◆ **TASK PROMPT**
The whole listing that follows is to be restated word for word, images excluded.

◆ **MATERIAL PROVIDED**
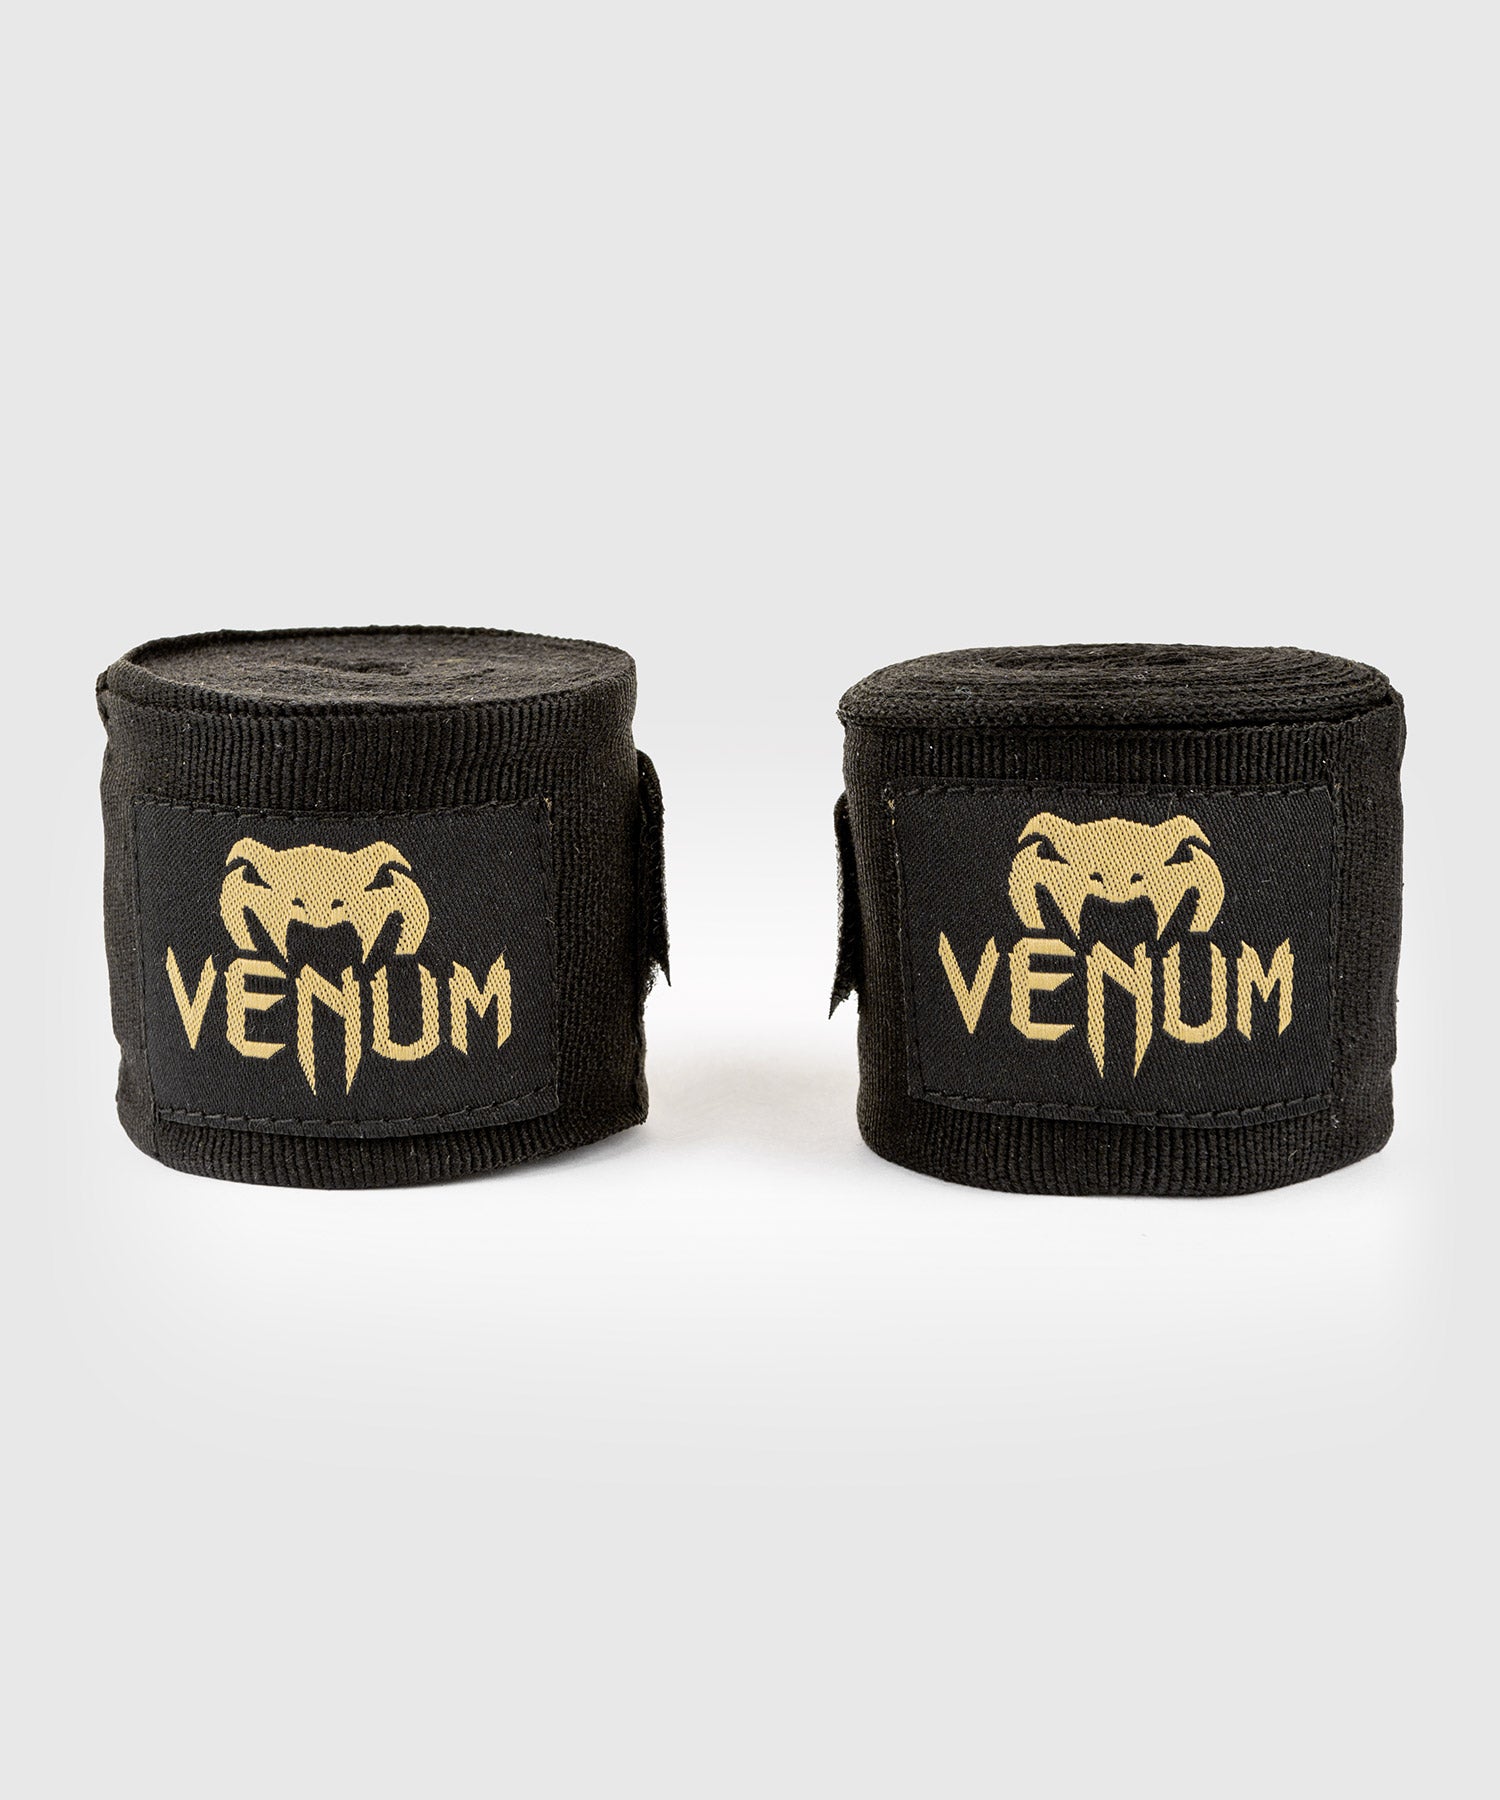 Bandes de boxe Venum Kontact - 2,5 mètres - Noir/Or – Venum France
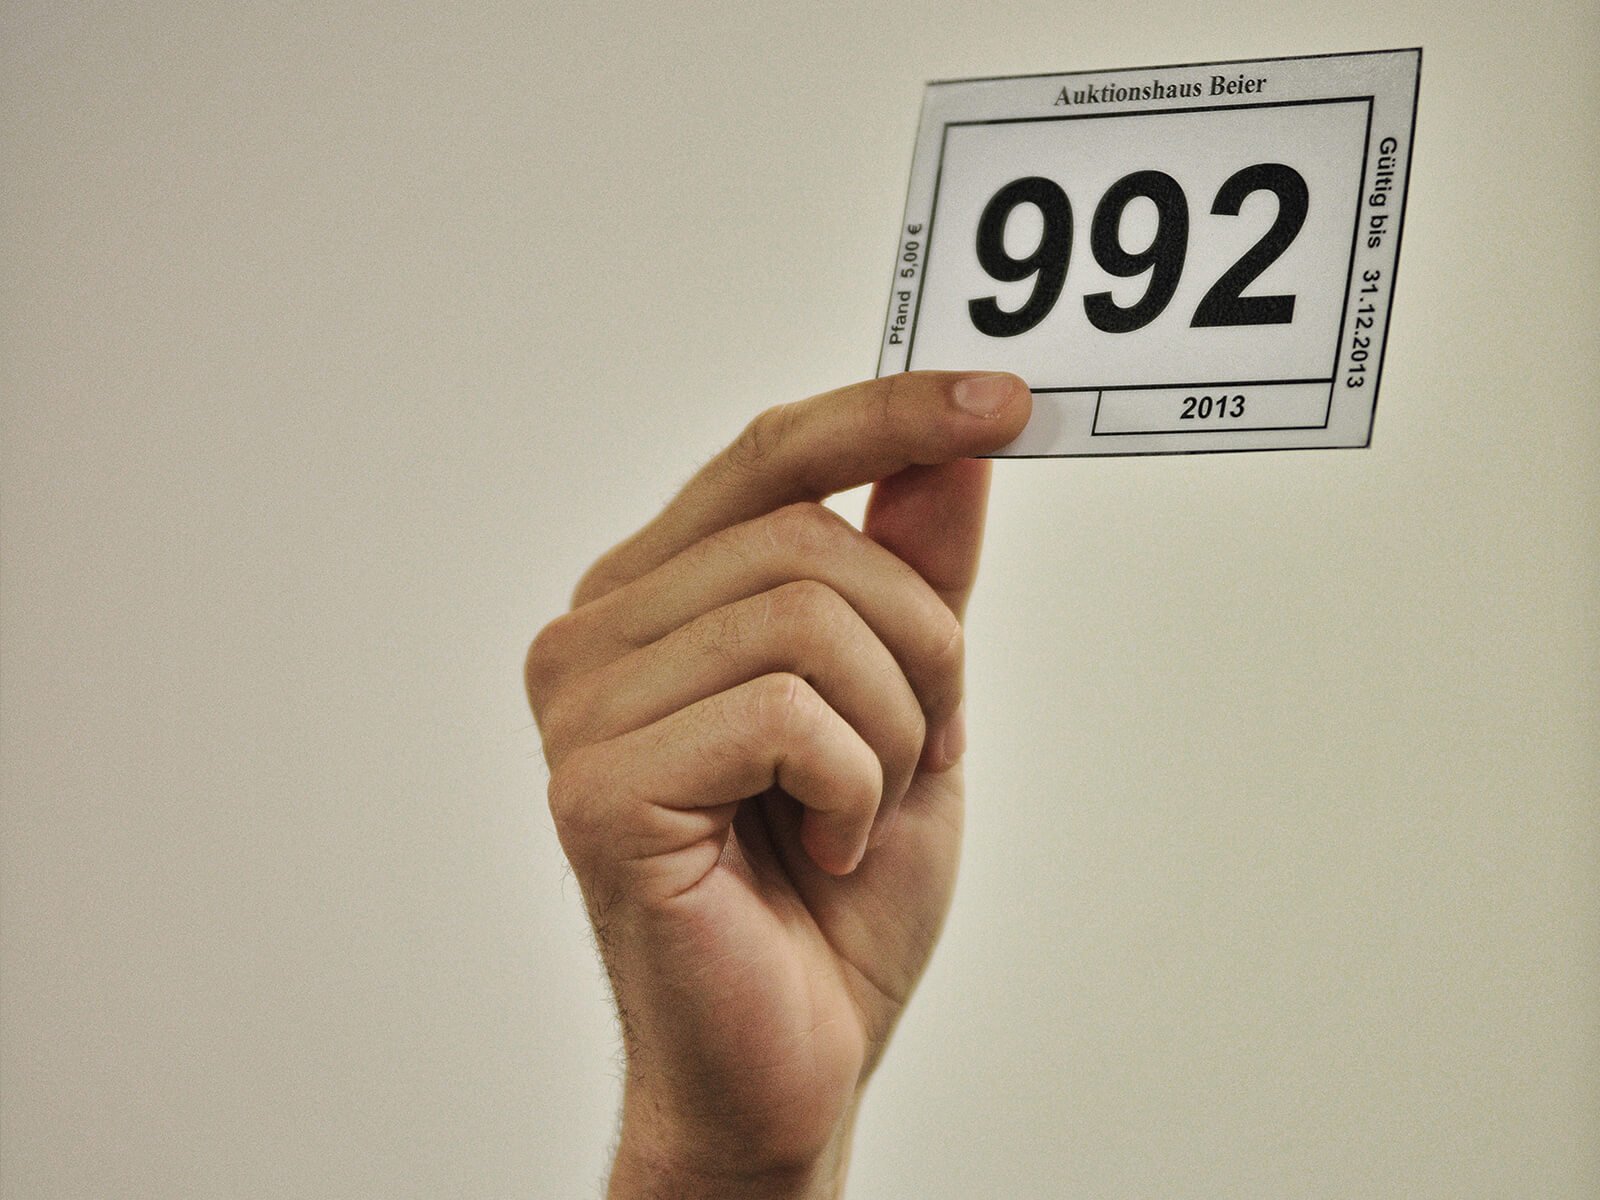 Eine Hand hält einen Nummerzettel hoch, der bei der Versteigerung der nicht abgeholten Fundsachen des BVG Fundbüros genutzt wird, um etwas zu ersteigern
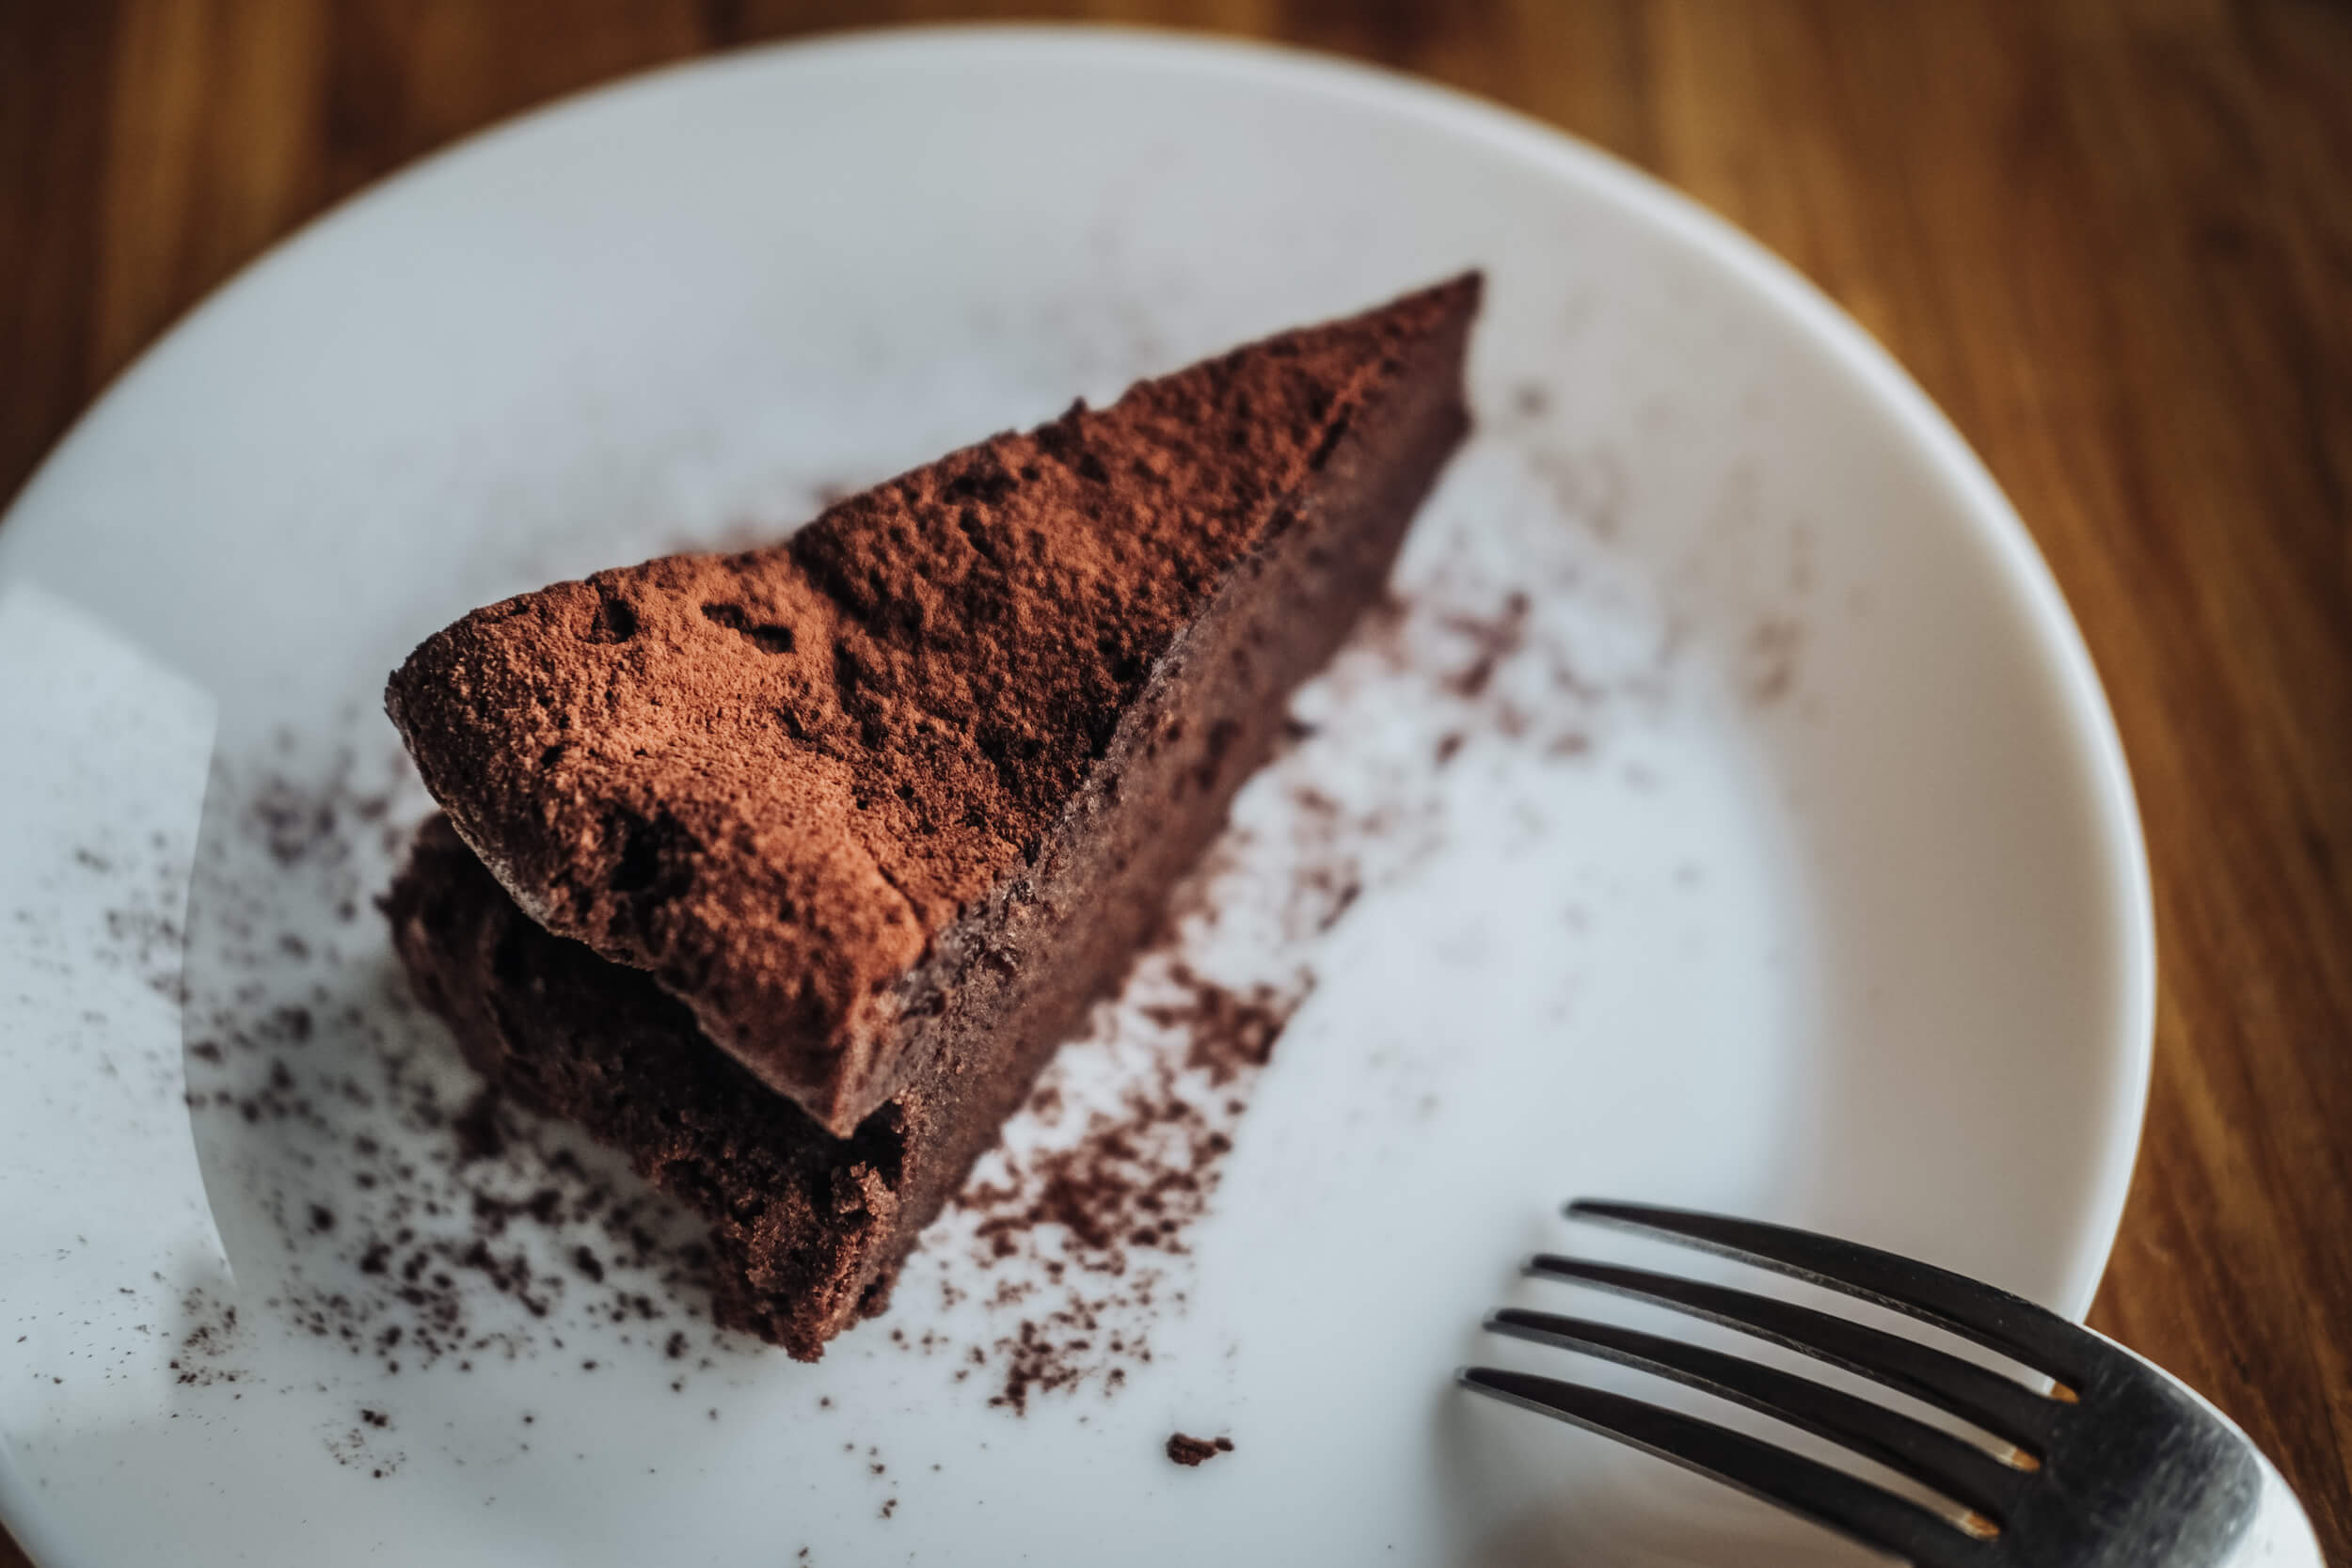 L’étrange gâteau au chocolat du Professeur Mechoulam peut-il vraiment soigner 85% des maladies ?

◆ **RESPONSE BOX**
 Bandes de boxe Venum Kontact - 2,5 mètres - Noir/Or – Venum France
 Eine Hand hält einen Nummerzettel hoch, der bei der Versteigerung der nicht abgeholten Fundsachen des BVG Fundbüros genutzt wird, um etwas zu ersteigern
 L’étrange gâteau au chocolat du Professeur Mechoulam peut-il vraiment soigner 85% des maladies ?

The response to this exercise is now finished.